Data section:
+++++

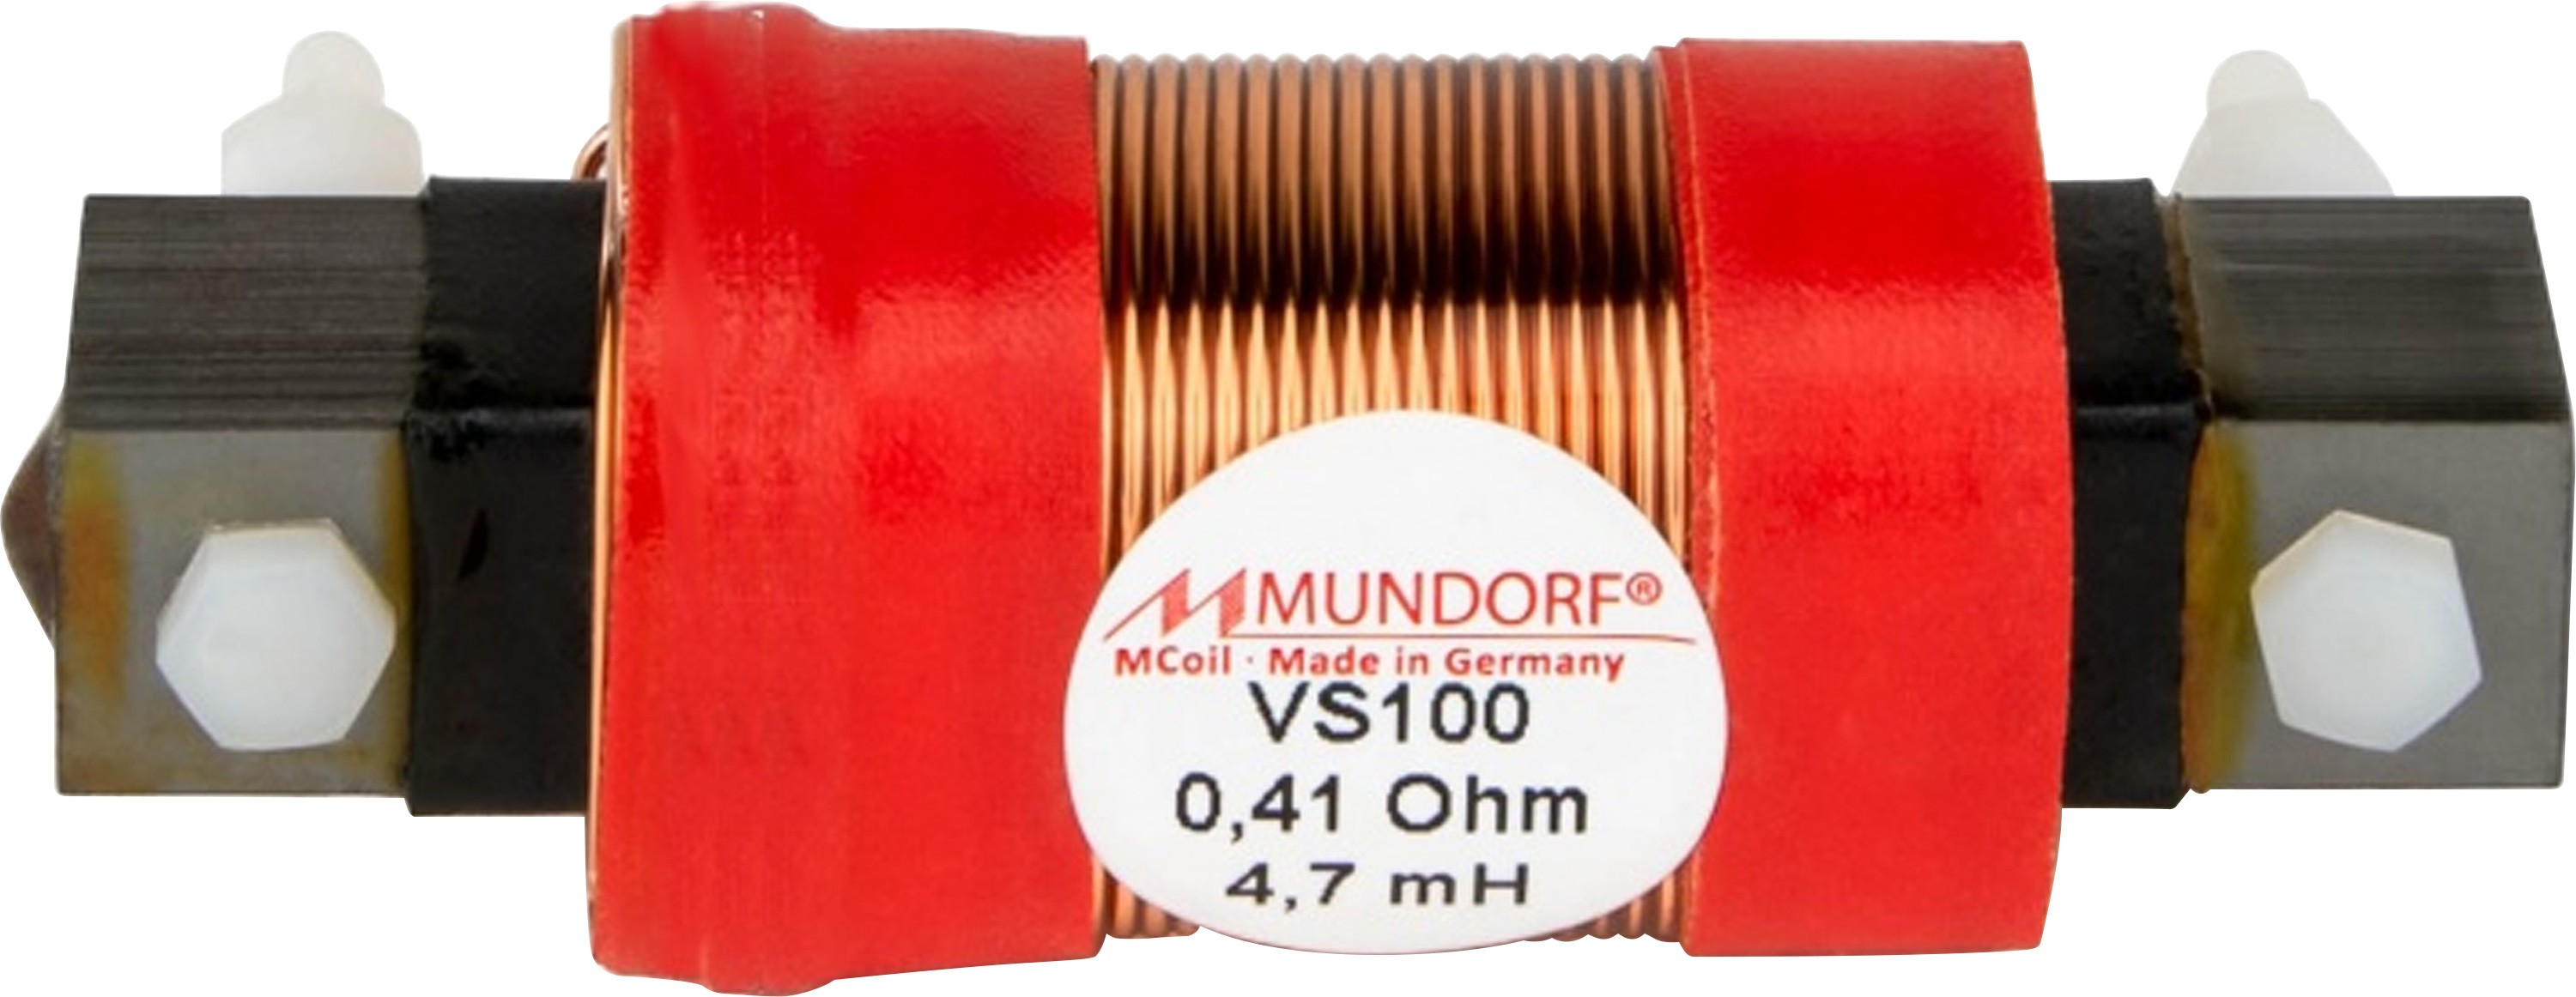 MUNDORF VS100-5.6 MCOIL ICORE Copper Coil Feron Core 5.6mH
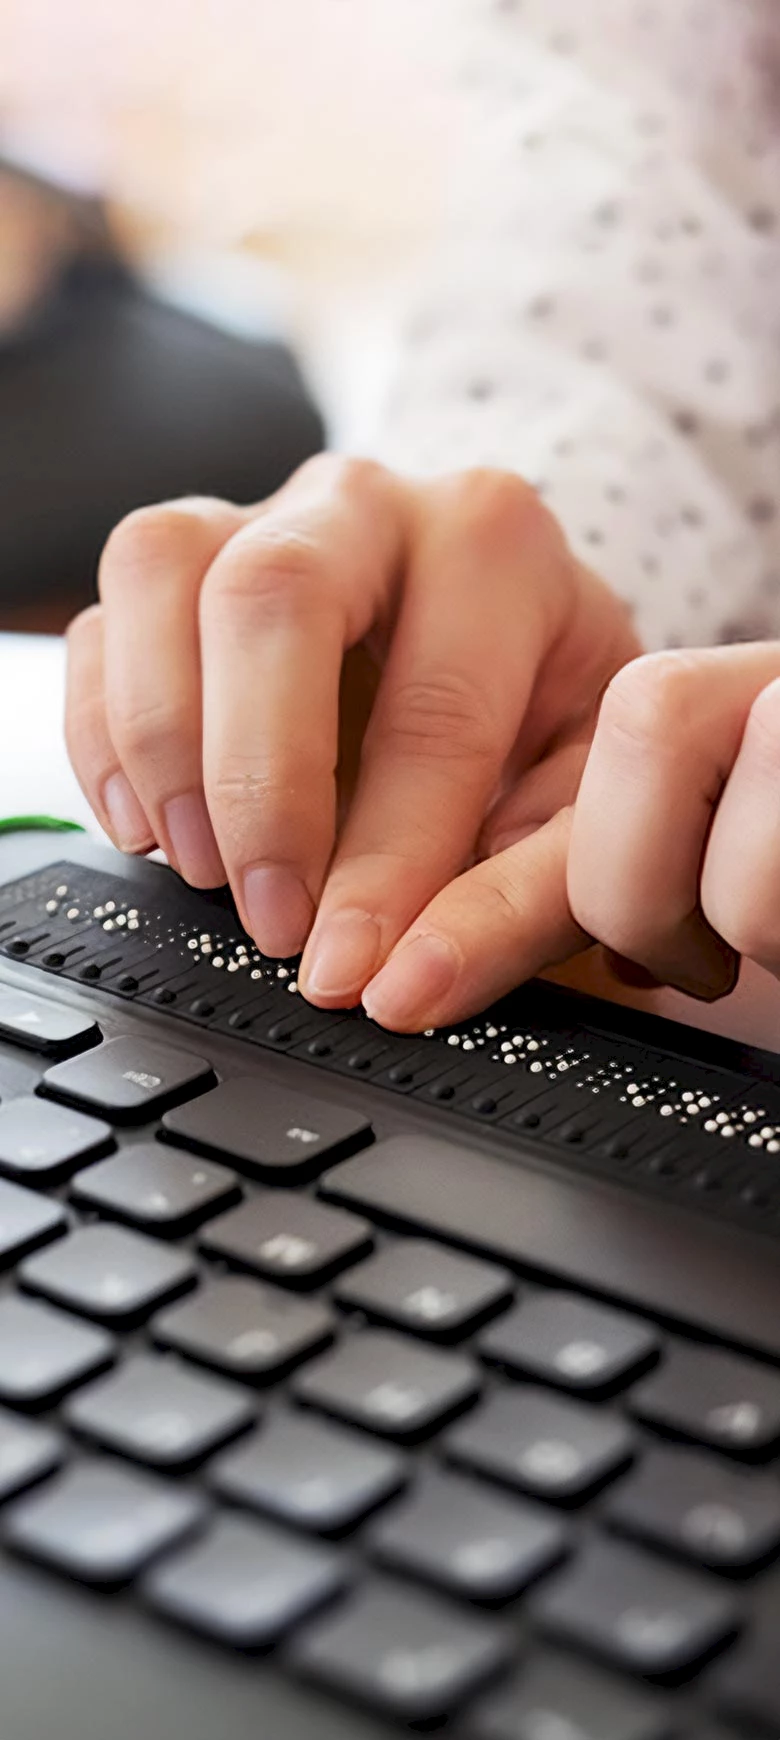 Hände, die einen Computer mit Tastatur und Braillezeile bedienen
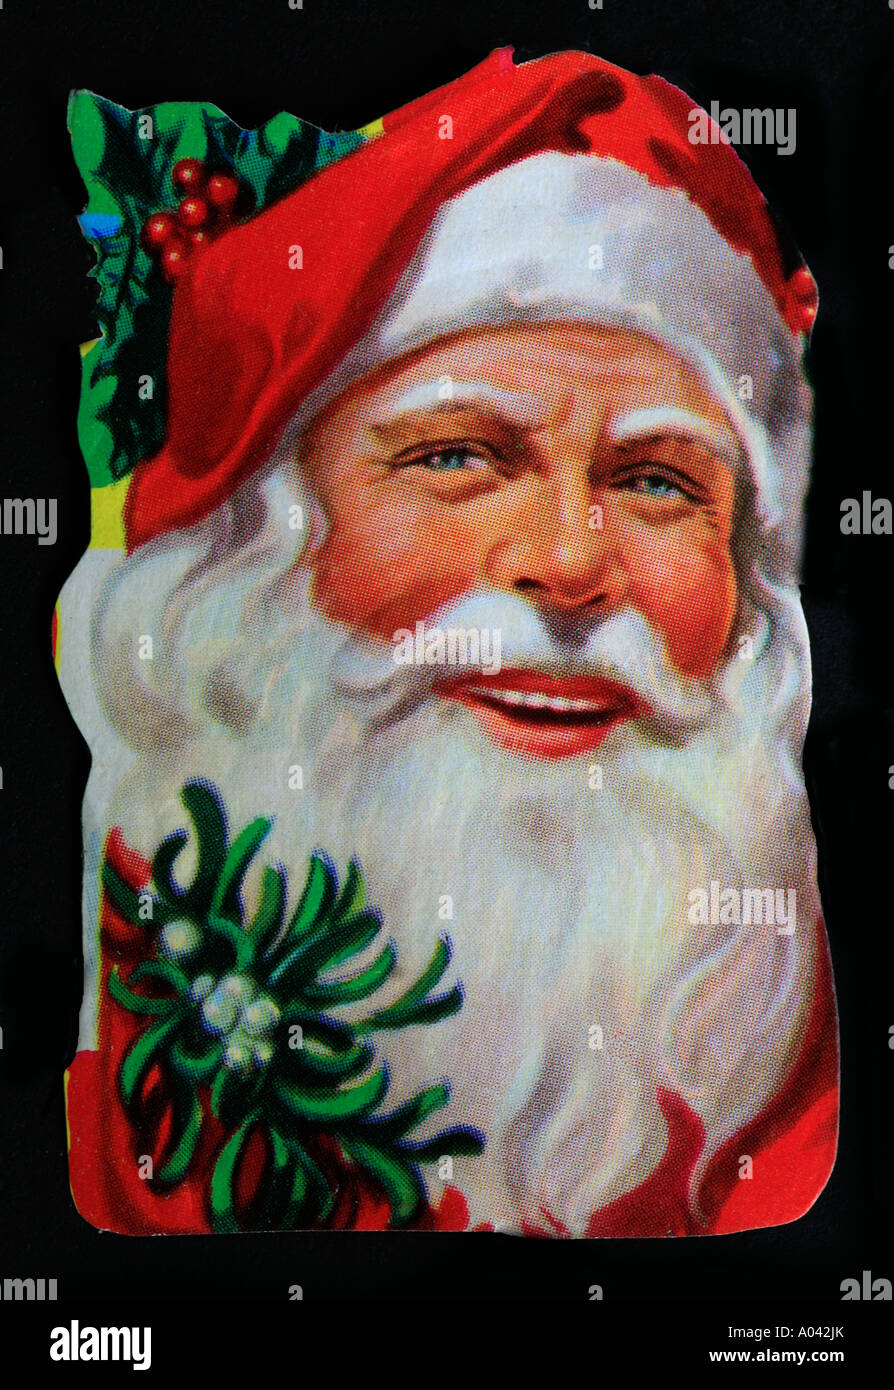 Babbo Natale English.Un Vecchio Stile Inglese Tagliato Fuori Vignetta Di Babbo Natale Foto Immagine Stock 9873018 Alamy

+++++

Leave the pictures out and output the rest of the listing exactly.

 MUNDORF VS100-5.6 MCOIL ICORE Copper Coil Feron Core 5.6mH
 Hände, die einen Computer mit Tastatur und Braillezeile bedienen
 Babbo Natale English.Un Vecchio Stile Inglese Tagliato Fuori Vignetta Di Babbo Natale Foto Immagine Stock 9873018 Alamy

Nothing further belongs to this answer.